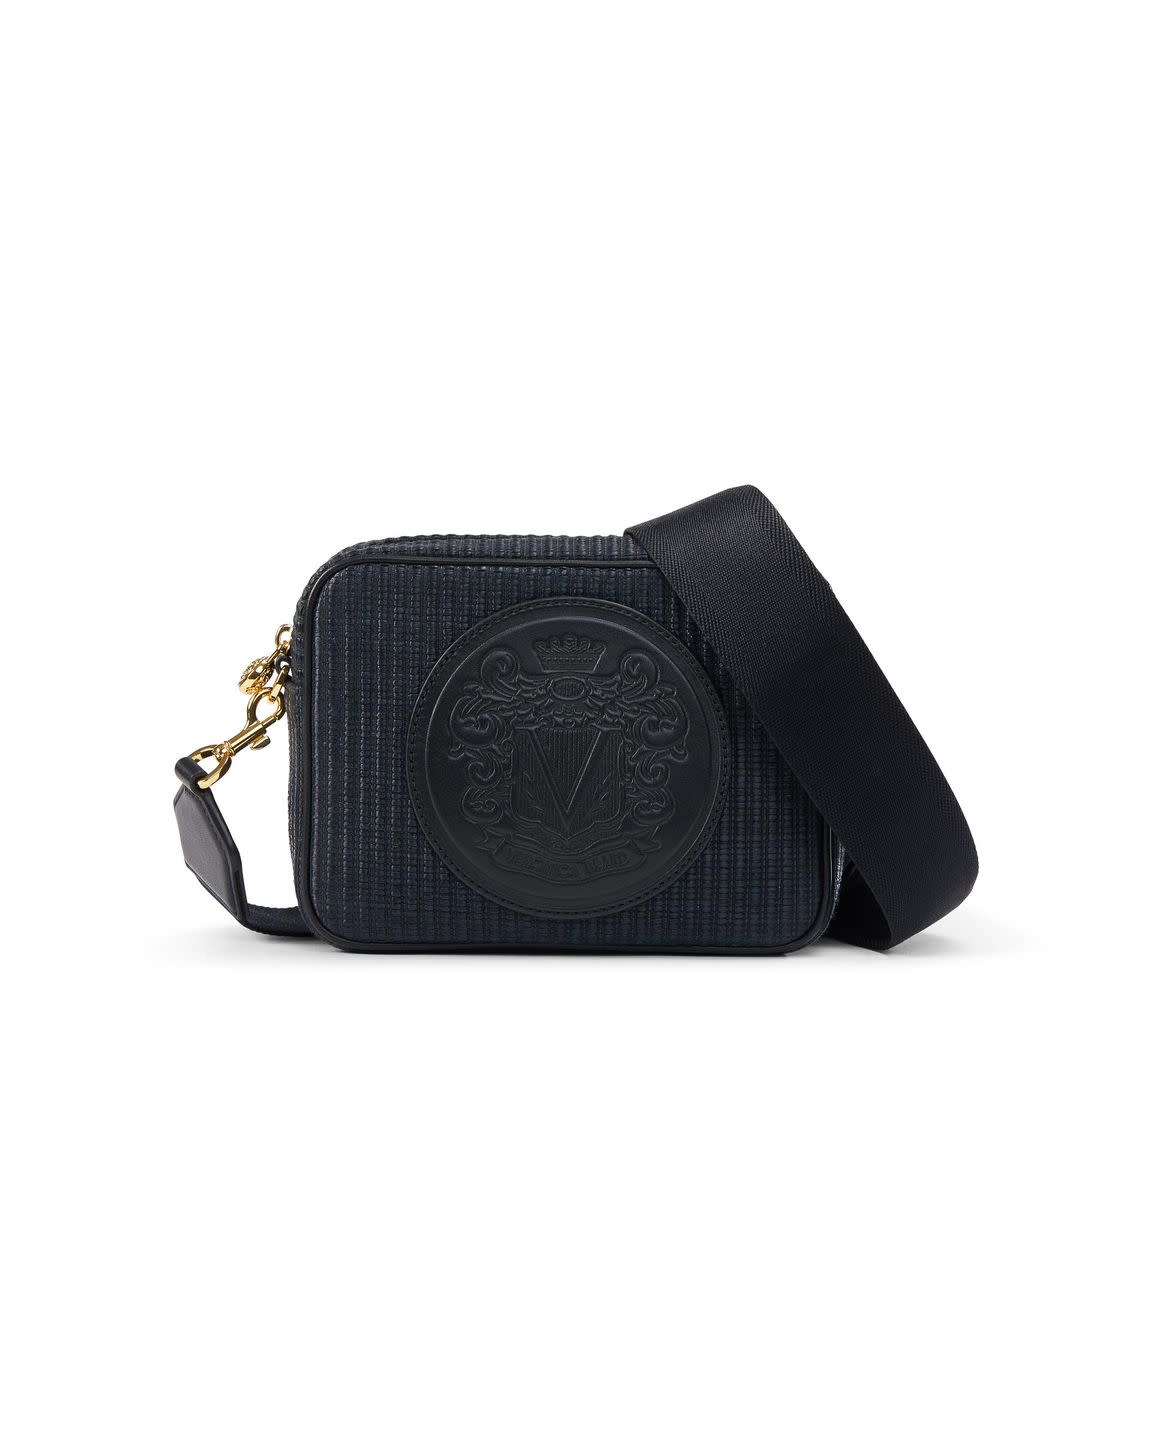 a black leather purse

##########

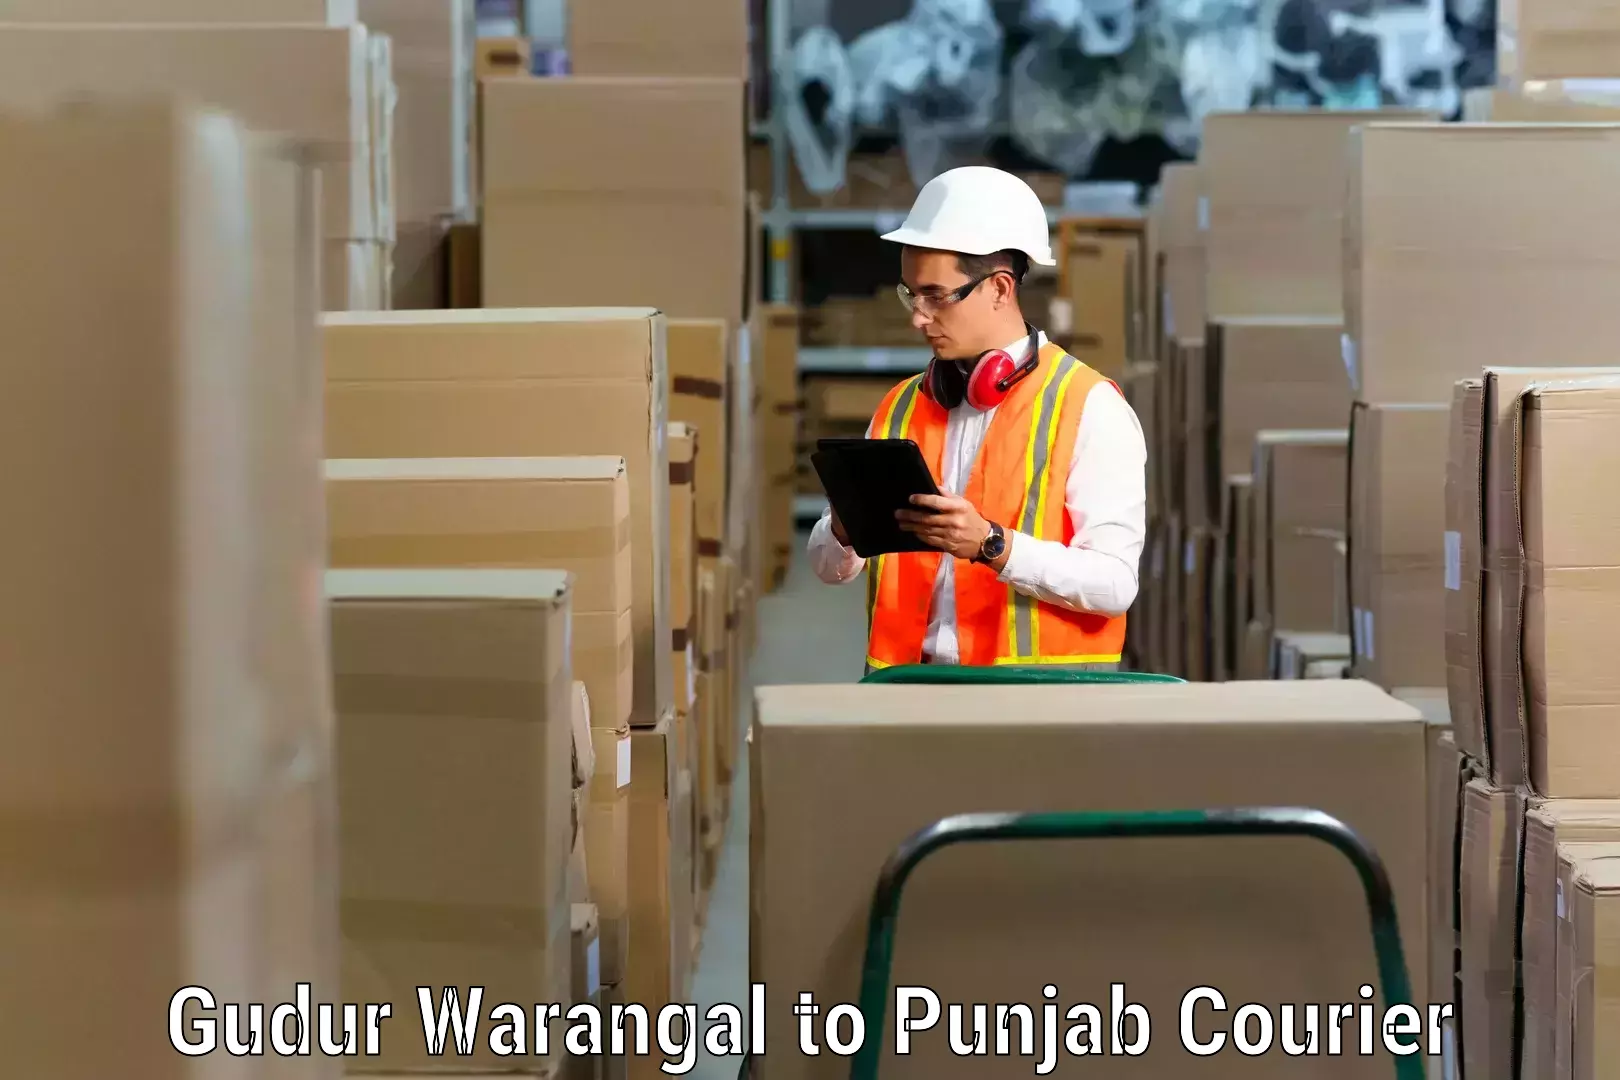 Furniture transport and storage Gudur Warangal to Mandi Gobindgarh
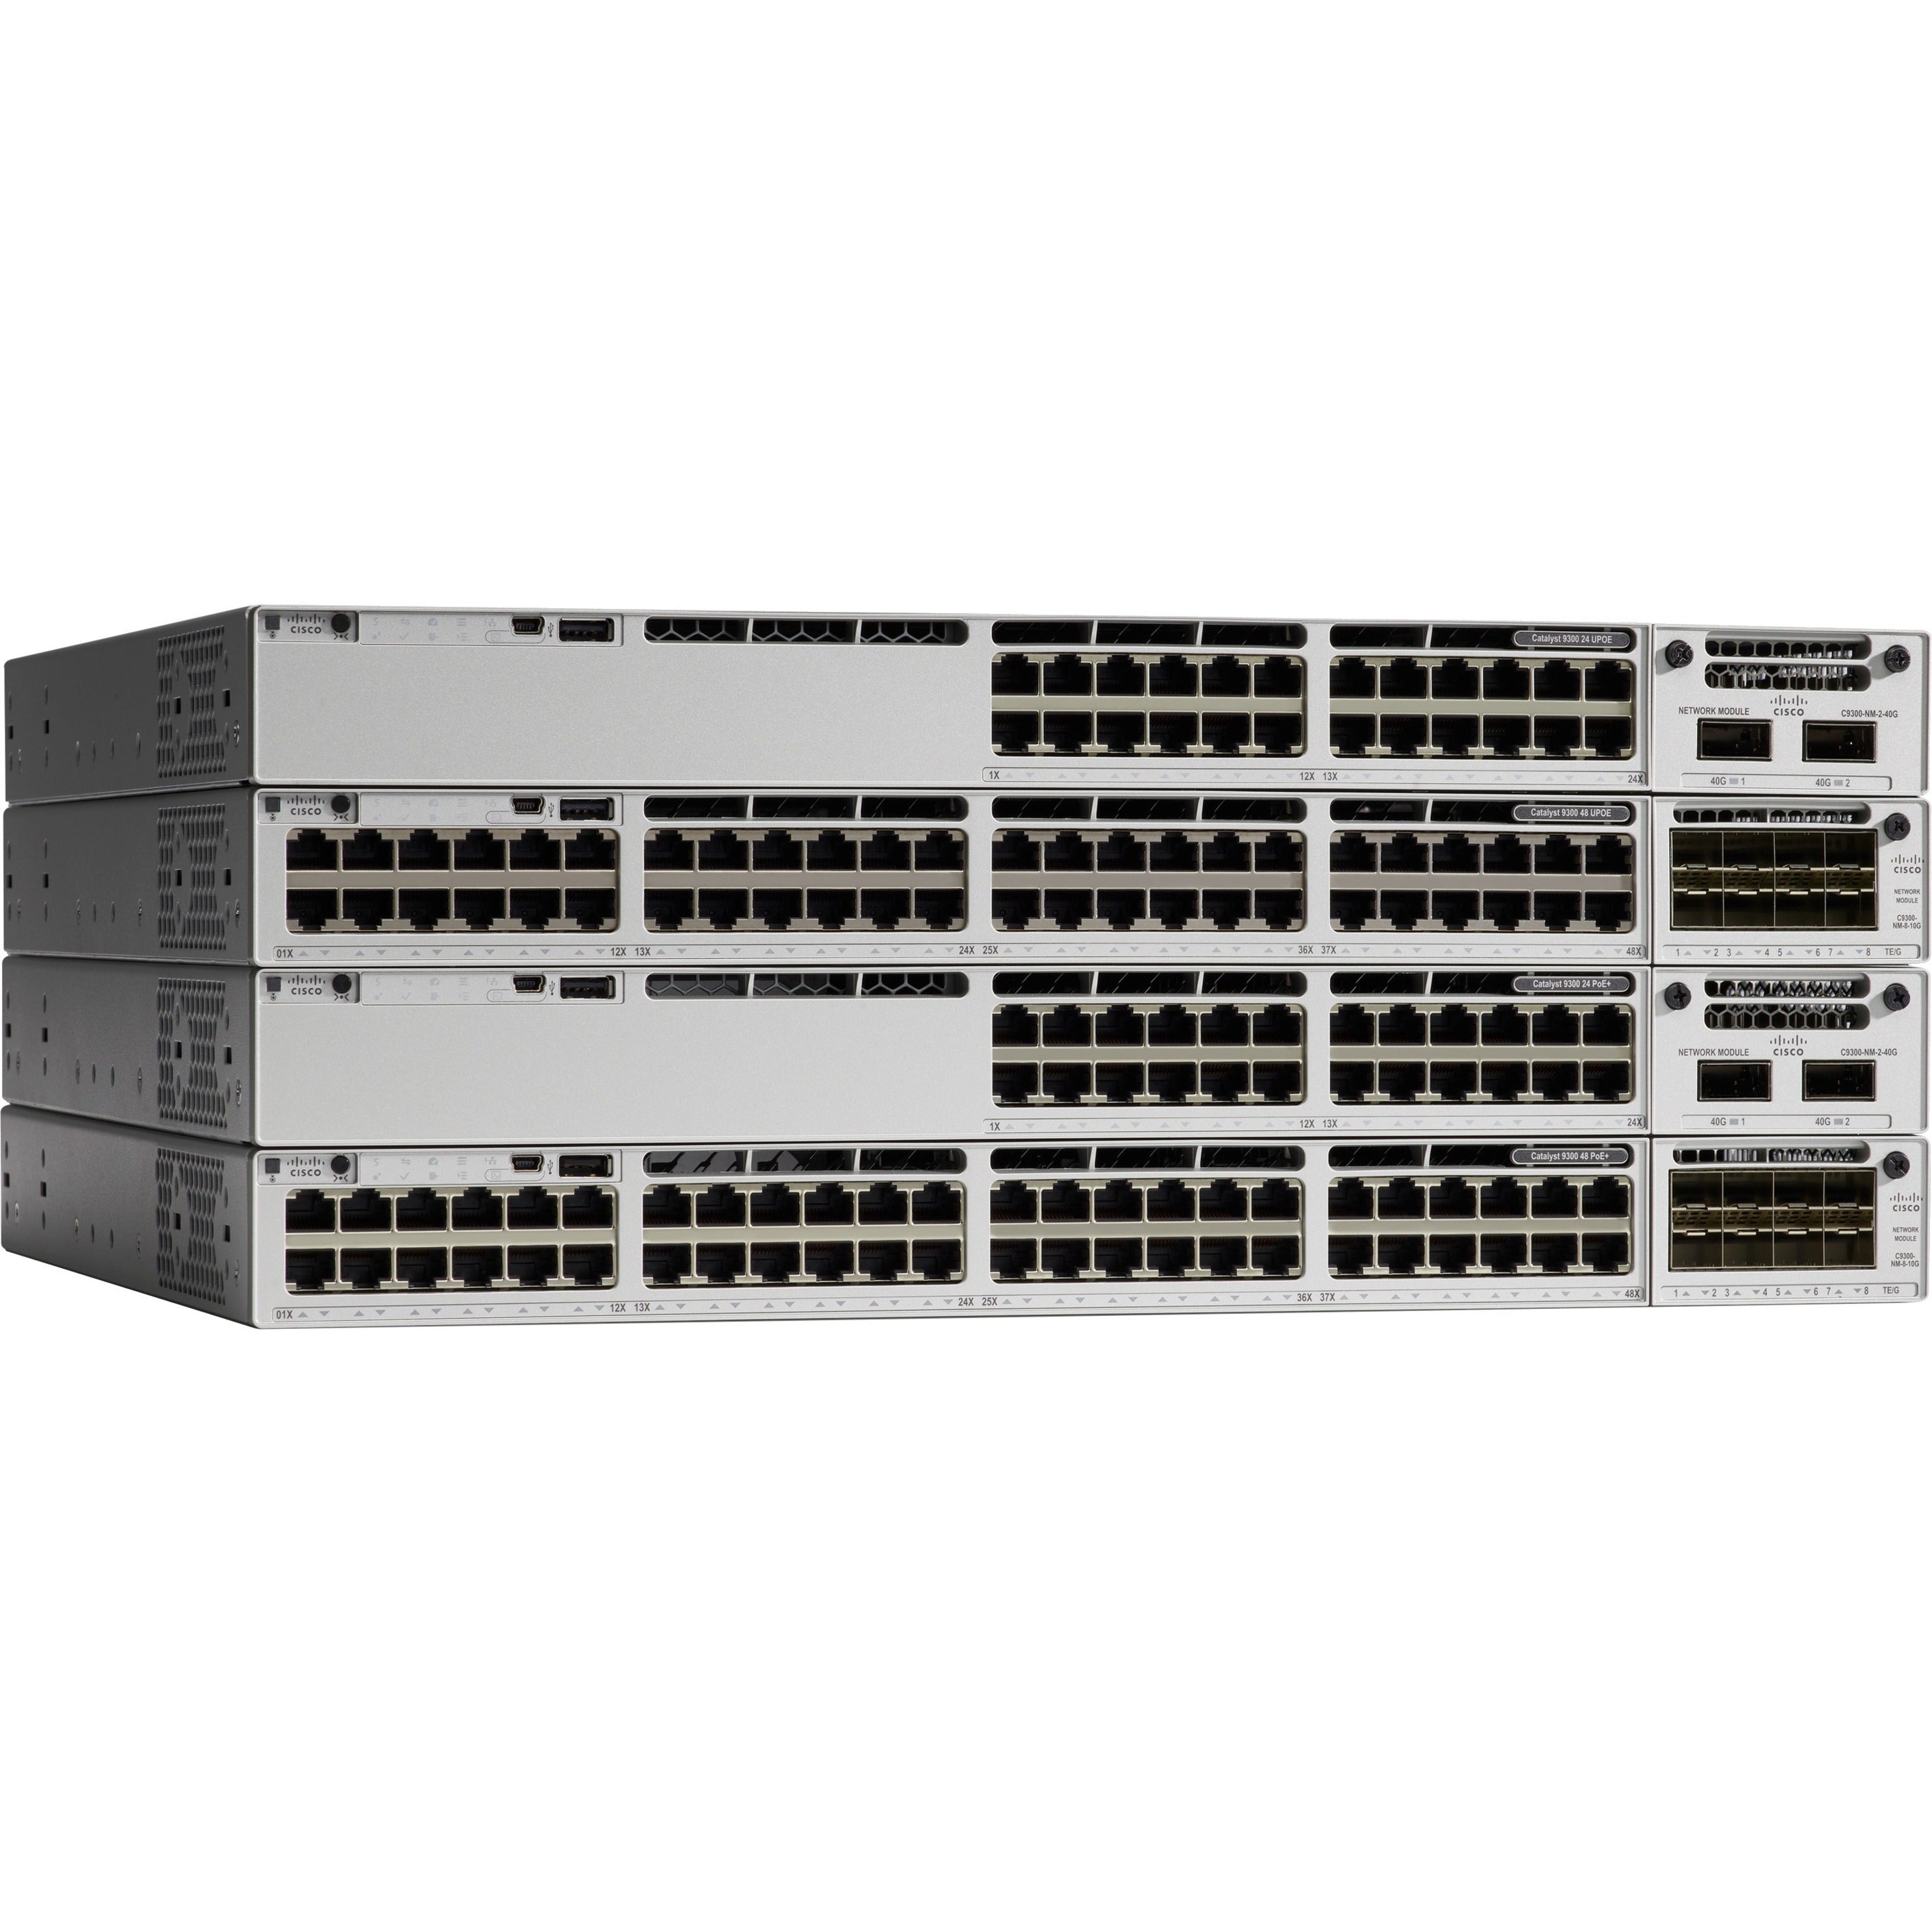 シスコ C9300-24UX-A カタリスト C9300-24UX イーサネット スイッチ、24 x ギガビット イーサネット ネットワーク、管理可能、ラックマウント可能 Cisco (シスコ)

##########

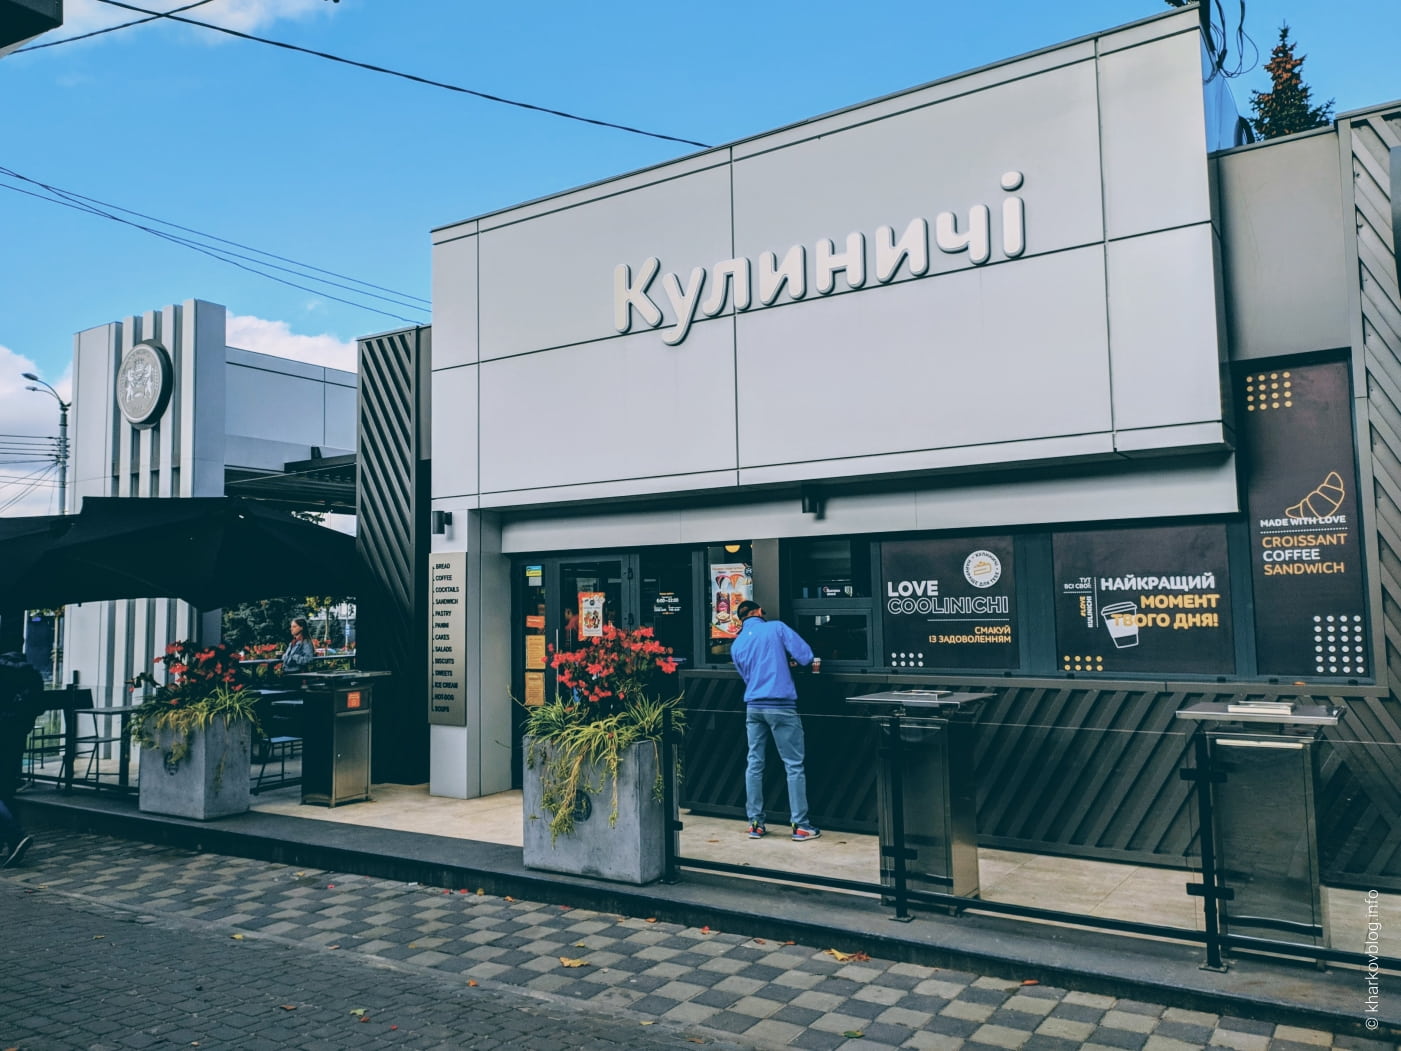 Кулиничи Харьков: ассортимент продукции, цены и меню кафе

##########

▶ **Exercise directions**: Go to the line above holding "Furniture transport and", then copy exactly each line down to and including the one holding "シスコ C9300-24UX-A カタリスト", leaving pictures out.

▶ **Written solution**:
 Furniture transport and storage Gudur Warangal to Mandi Gobindgarh
 シスコ C9300-24UX-A カタリスト C9300-24UX イーサネット スイッチ、24 x ギガビット イーサネット ネットワーク、管理可能、ラックマウント可能 Cisco (シスコ)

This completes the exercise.